I know that some say it's best not to do undergrad film if planning to go to grad school.  However, if I was to double major in bus. admin. and film studies would that lower my chances of getting into USC's Peter Stark Program?  Or should I just major in bus. admin. and do film in grad?


----------



## techie1902 (May 29, 2007)

This is pretty much exactly my ordeal too...What grade are you in adriel? I'm a senior next year (in high school).

Through a lot of the other forums on this site I've gathered that most people advise doing something else in undergrad and doing film in Grad. My only problem is that I don't want to wait four years before I actually start what I really want to do...


----------



## Jayimess (May 29, 2007)

Adriel, a double major in Business administration and film studies results in a double degree, yes?  A BA and a BBA?  Lotta work.

I say just get the BBA...maybe minor in film or AV comm.

The unofficial reason that 'they' say not to major in film as an undergrad if you're heading to graduate film school is because schools want varied life backgrounds...experiences to draw upon as a filmmaker and storyteller.

I think 'they' also don't want to have to unlearn behavior that was taught at another school.

Personally, I double majored in AV Communication/Advertising and Journalism, double minored in Graphic Design and Biz-to-Biz Marketing.  I also dabbled in PolySci my junior year to appease family members, but I hated it so much I flunked out.

So part of me says, do what you want, but a part of me says diversify.

I'm no help at all.  Sorry.

I'm going to USC this fall, I was also accepted at UCLA, and made it to the interview stage at AFI, if you need to know.


----------



## yc1911 (May 29, 2007)

I'm not critical study major, and not particular fond of that area.  But I think either way will do.  What matters is YOUR OWN explanation about your arrangement.  Try to figure out questions like "Why the program worth taking before a master producer program," and "Why a producer program is needed after a BA and/or BBA."  If your answer is positive, prove your hypothesis during college; if negative, try something other than film to make sure what is your original idea about film business.  I believe both decision make great SOPs when you need one for a producer program.


----------



## yc1911 (May 29, 2007)

From the website of USC PS Producing, it seems they prefer people with film-producing, or at least real-world business, experience, so that they can form a strong discussion group.  As I know, PS is a joint program of Marshall Buz School and SCA.  Like all other practical MBA program, artistic and academic achievement is a bit less concern than experience.  Maybe you may not be able to enter PS Producing right after your graduation.  Consider this before you plan for your future application.  Here is a Producing teacher's website.  I'm Production though, hope these help.


----------



## Cinematical (May 29, 2007)

*edit* To be clear, I am going to be an undergraduate, but I just went through a very similar decision. I turned down production at Chapman to do Critical Studies and Business at USC on the basis that I would do Production in grad school.

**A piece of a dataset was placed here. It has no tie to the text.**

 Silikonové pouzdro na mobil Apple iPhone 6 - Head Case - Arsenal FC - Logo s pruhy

I am going to be doing Critical Studies at USC next year, and I am also most likely going to double major with a Business degree. From what I've gathered (talking to graduates, admissions representatives, and others at both Chapman University and USC), Cinema Studies alone would still be a fine undergraduate major for entry into a graduate film program; add in a business degree, and that only increases your diversity. My questions were, however, geared towards doing Production during grad school, so the situation might be different for the PS program. Indeed, business and CS might be a bit redundant, but I'm in no way sure.

Have you also taken into account that USC has a business degree with a cinema focus. It's basically a major and a minor, and I would think would be similar to the Stark program.


----------



## adriel97 (May 30, 2007)

I've actually been out of high school for 10 years, with some college. My initial plan is to go to UNC-W, major in Bus. Admin. with a concentration in Mkting, and minor in Creative Writing. Unfortunately they don't have a film studies minor.  However, Wilmington, NC is supposedly like 3rd, after L.A. and NY, in production.  So hopefully I'll be able to get some experience by just working on some sets. 

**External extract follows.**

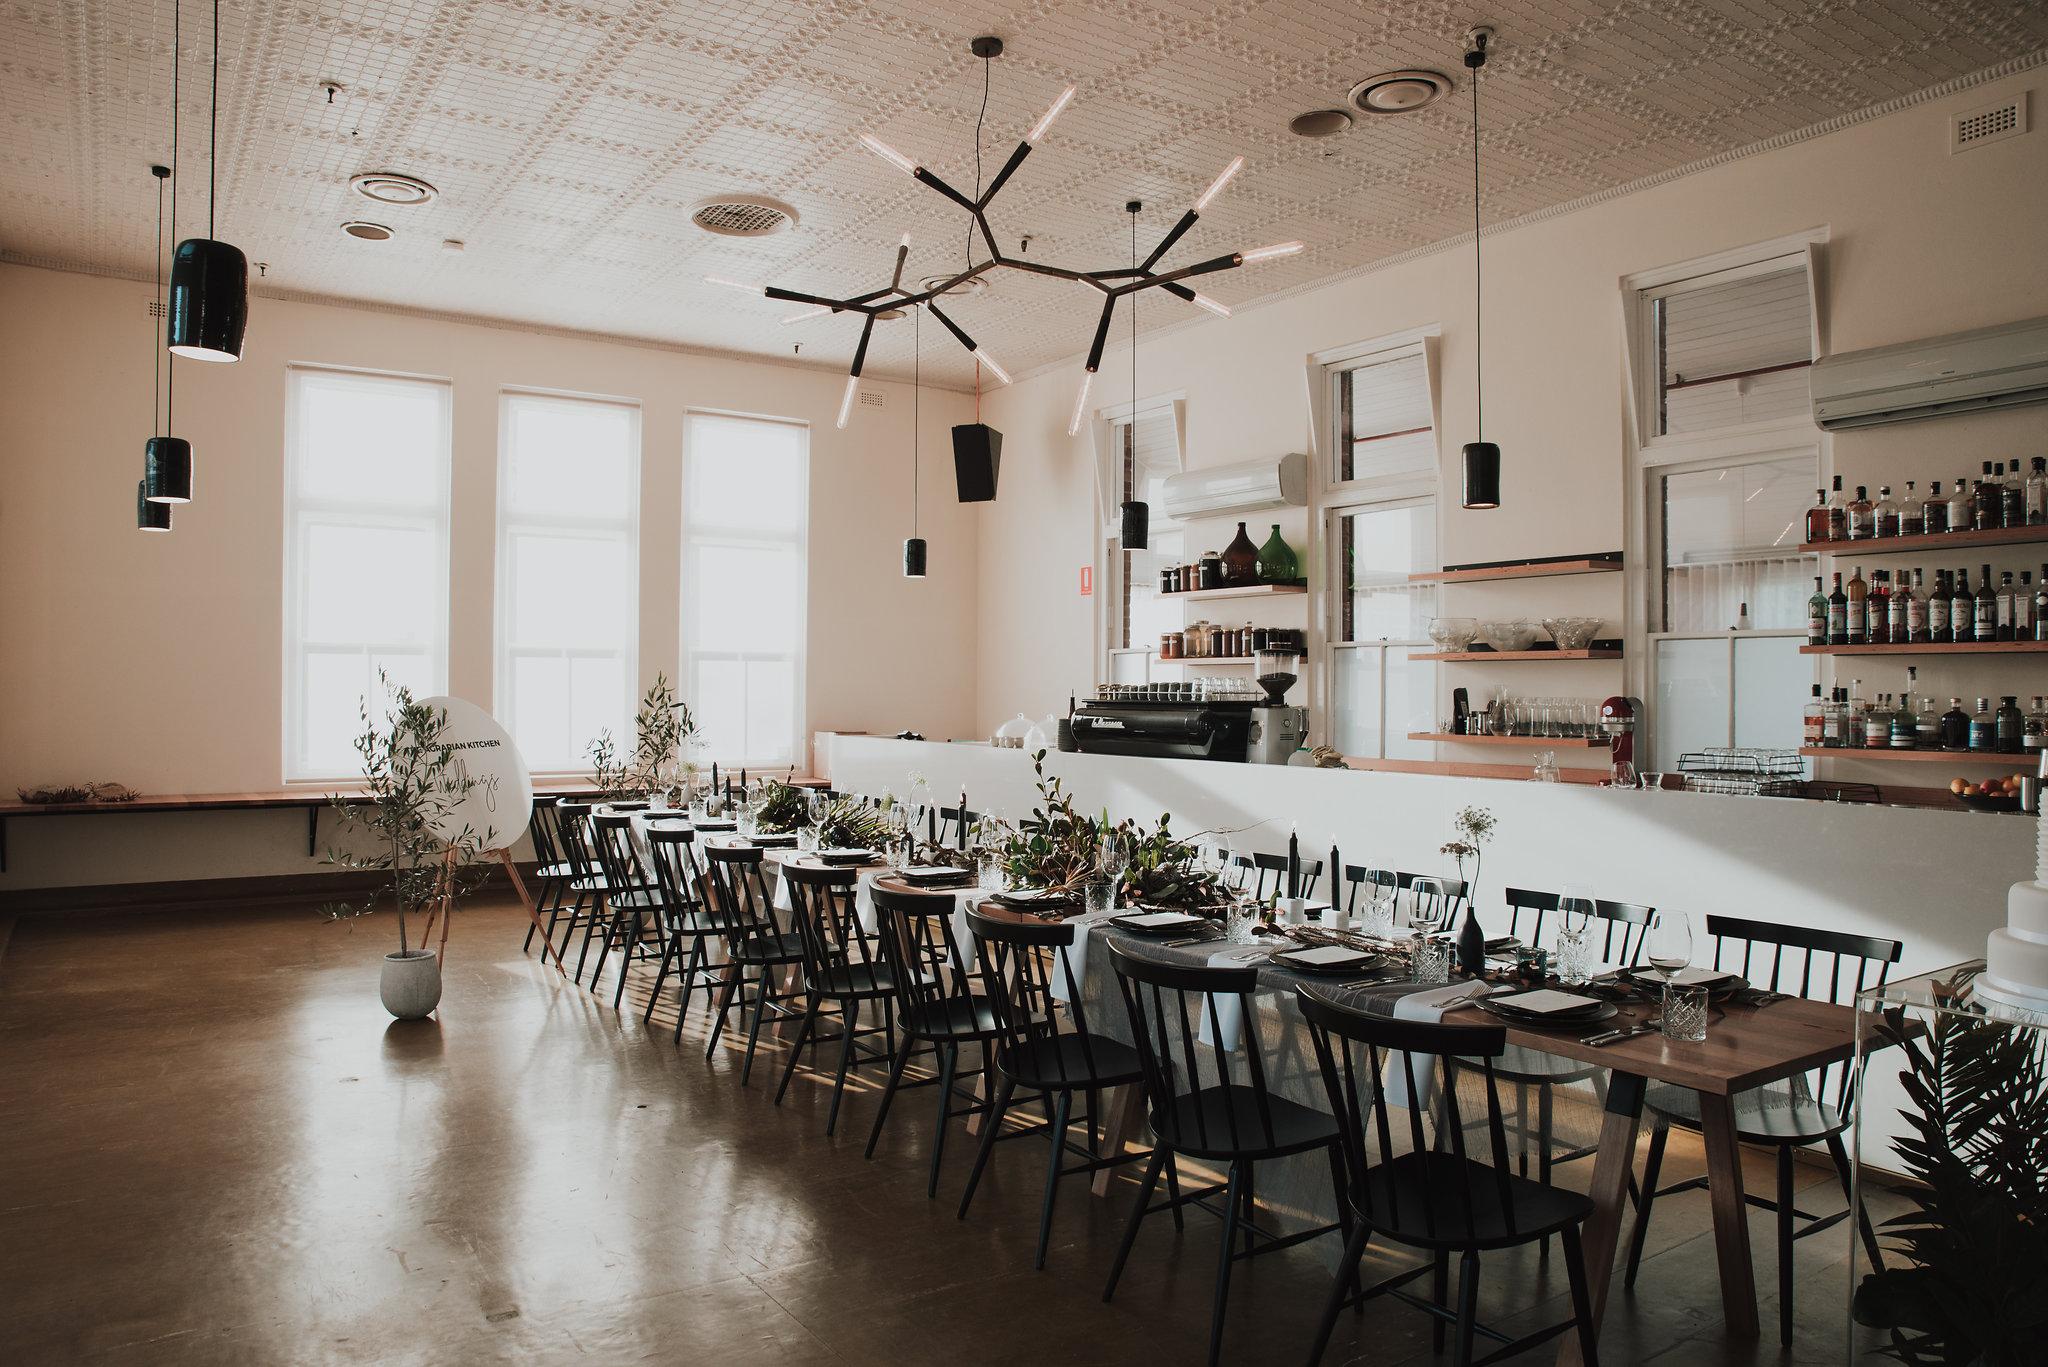 styled-shoot-agrarian-kitchen-4.jpg

That's my 1st plan, but I'm looking into other schools as well.


----------



## techie1902 (May 30, 2007)

Haha well then just kidding about being on the same level but good luck none-the-less...I'll be interested in seeing in how it turns out...

Cinematical-
So are you for sure doing a double major? The business and critcal studies program are both high on my list of possible undergrad majors and doing the double major is something that I've seriously been looking at...And are you also planning to attend USC for Grad too? You can PM me if you'd rather...


----------